Since many seem to be interested in running 65B models, I can confirm that this works with two 24 GB GPUs. The
following benchmarks are from a 4090 + 3090-Ti with `-gs 17.2,24`:

| Model    | Size | groupsize | act | Seq. len.            | VRAM      | Prompt    | Best   | Worst  | Ppl  |
|----------|------|-----------|-----|----------------------|-----------|-----------|--------|--------|------|
| Llama    | 65B  | 128       | yes | 2,048 t              | 39,804 MB | 1,109 t/s | 20 t/s | 18 t/s | 4.20 |
| Llama    | 65B  | 32        | yes | 2,048 t              | 43,424 MB | 1,037 t/s | 17 t/s | 16 t/s | 4.11 |


### Testing long sequences

The following tests were all done on **33B/65B, 4bit 128g** with various settings, just to test the max sequence length
and get a sense of what can be achieved with different or multiple GPUs right now. Llama goes incoherent generating 
past 2048 tokens anyway, but with some fine-tuning, who knows? Note that these tests were run a while ago and the
speeds are no longer current.

|                        | Size | Seq. len. | VRAM                 | Long seq. | Ind.   | 
|------------------------|------|-----------|----------------------|-----------|--------|
| 4090/24GB              | 33B  | 2,516 t   | 22,145 MB            | 1140 t/s  | 28 t/s |
| 4090/24GB + 3070Ti/8GB | 33B  | 3,932 t   | 22,055 MB + 7,377 MB | 840 t/s   | 22 t/s |
| A6000/48GB (headless)  | 33B  | 9,032 t   | 46,863 MB            | 645 t/s   | 12 t/s |
| A100/80GB (headless)   | 65B  | 9,520 t   | 79,009 MB            | 650 t/s   | 9 t/s  |

## Todo

Moved the todo list [here](doc/TODO.md).  

## Compatibility

I downloaded a whole bunch of GPTQ models to test compatibility. [Here](doc/model_compatibility.md) is the list of models
confirmed to be working right now.

## Recent updates

**2023-06-02**: Web UI is now in a fairly working state. Expect it to be a little scuffed in places. There will be a
rewrite at some point to make the client-side code less seizure-inducing. It has multibot mode, chat rewind and editing
features, sessions, and more. I'm going to build it out with support for instruct prompting and such, in time.

**2023-06-04**: Refactored a whole bunch to move more of the work into the extension, setting up for more tuning
options to come soon and eventually auto tuning. Also optimized a little, for about a 5% speedup.

**2023-06-06**: Some minor optimizations. Also it should now compile the extension more easily and run more seamlessly
on Windows.

**2023-06-09**: Fused most of the self-attention step. More to come. Slight speedup already, but more importantly went
from 69% actual CPU utilization to 37%. This should do a lot to address the bottleneck on CPUs with lower 
single-threaded performance.

**2023-06-10**: Docker support now! And some minor optimizations. Cleaned up the project a bit.

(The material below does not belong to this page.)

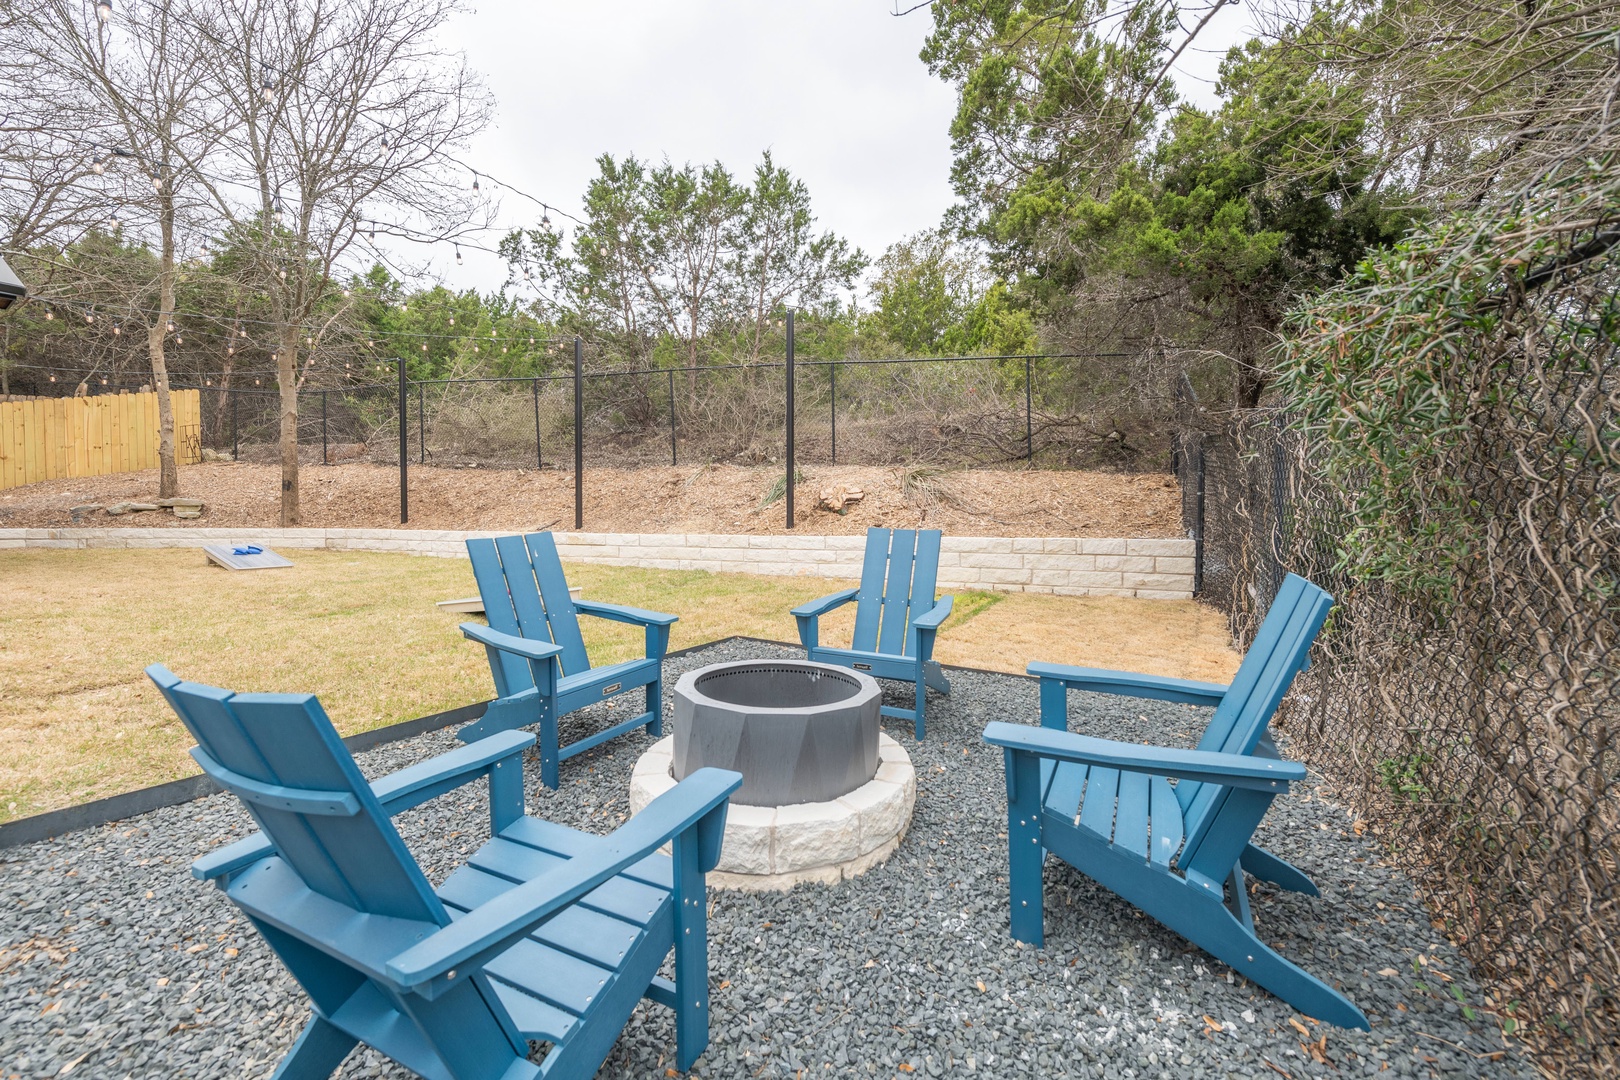 Back yard with more seating, grill, firepit, and corn hole

**2023-06-11**: Added some concurrency a couple of places. It's only beneficial on the 4090, on small models where the
cores are somewhat underutilized and the L2 cache can keep up. For the 3090 it's detrimental to performance, so it's
disabled by default. YMMV. Use `-cs` to try it out.

**2023-06-17**: Fixed a nasty bug in the fused attention that was causing slightly incorrect cache states on 13B and
33B models. You definitely want to update.

**2023-06-18**: LoRA support now. Still needs a lot of testing and some optimization, and currently you can't stack
multiple LoRAs during the same inference. There's also no support in the web UI yet.